Sotraustaurin (STN), a small molecule, targeted protein kinase C (PKC) inhibitor that prevents T-lymphocyte activation via a calcineurin-independent pathway, is currently being tested in Phase II renal and liver transplantation clinical trials. We have documented the key role of activated T cells in the inflammation cascade leading to liver ischemia/reperfusion injury (IRI). This study explores putative cytoprotective functions of STN in a clinically relevant rat model of hepatic cold ischemia followed by orthotopic liver transplantation (OLT). Livers from Sprague-Dawley rats were stored for 30 h at 4°C in UW solution, and then transplanted to syngeneic recipients.
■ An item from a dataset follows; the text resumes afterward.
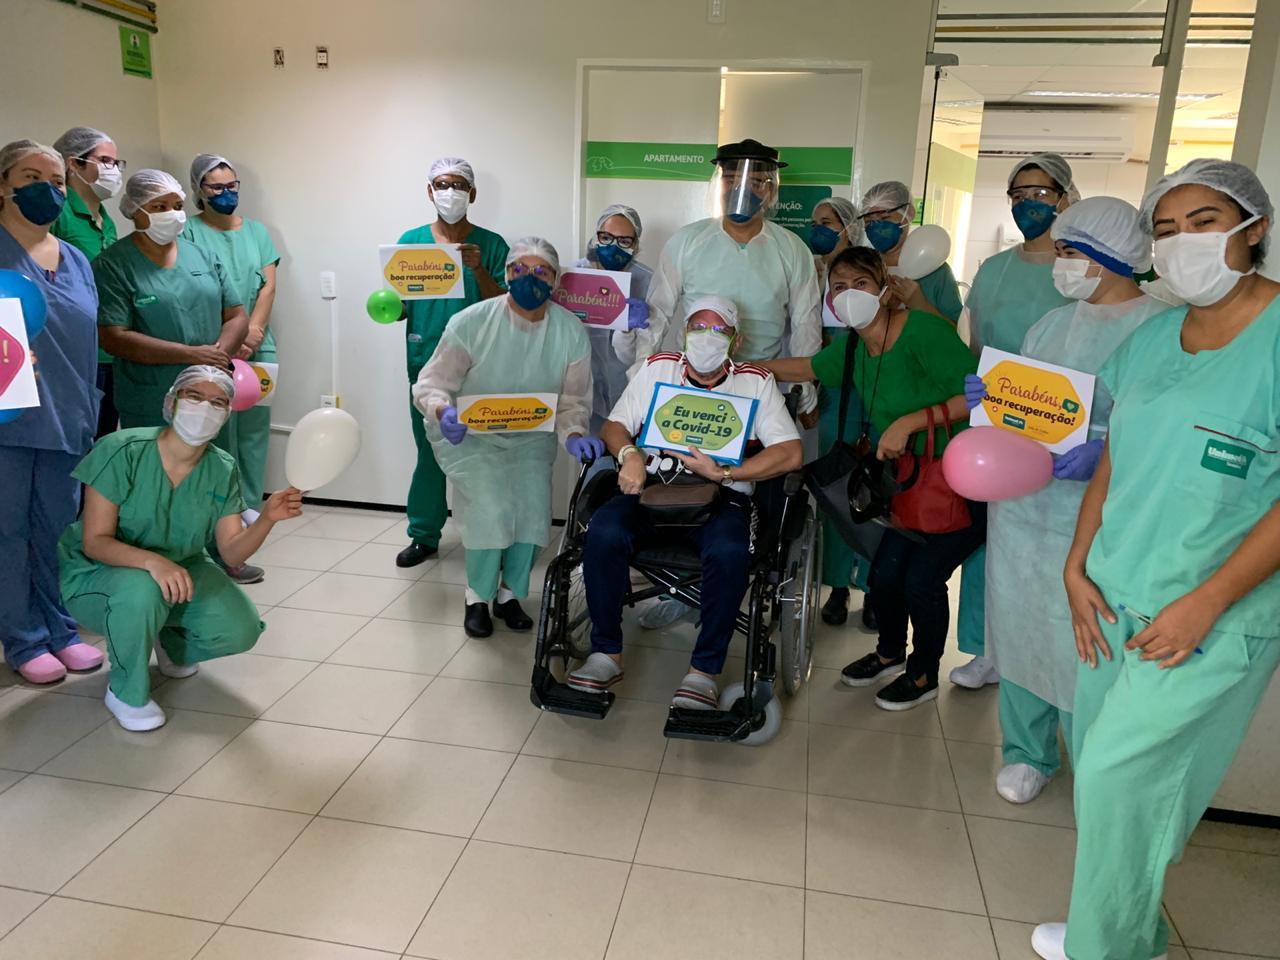 Médico curado da covid-19 recebe alta do Hospital Unimed Primavera - Imagem 1

STN treatment of liver donors/recipients or recipients only prolonged OLT survival to >90% (vs. 40% in controls), decreased hepatocellular damage and improved histological features of IRI. STN treatment decreased activation of T cells, and diminished macrophage/neutrophil accumulation in OLTs. These beneficial effects were accompanied by diminished apoptosis, NF-κB/ERK signaling, depressed proapoptotic cleaved caspase-3, yet upregulated antiapoptotic Bcl-2/Bcl-xl and hepatic cell proliferation. In vitro, STN decreased PKCθ/IκBα activation and IL-2/IFN-γ production in ConA-stimulated spleen T cells, and diminished TNF-α/IL-1β in macrophage-T cell cocultures. This study documents positive effects of STN on liver IRI in OLT rat model that may translate as an additional benefit of STN in clinical liver transplantation.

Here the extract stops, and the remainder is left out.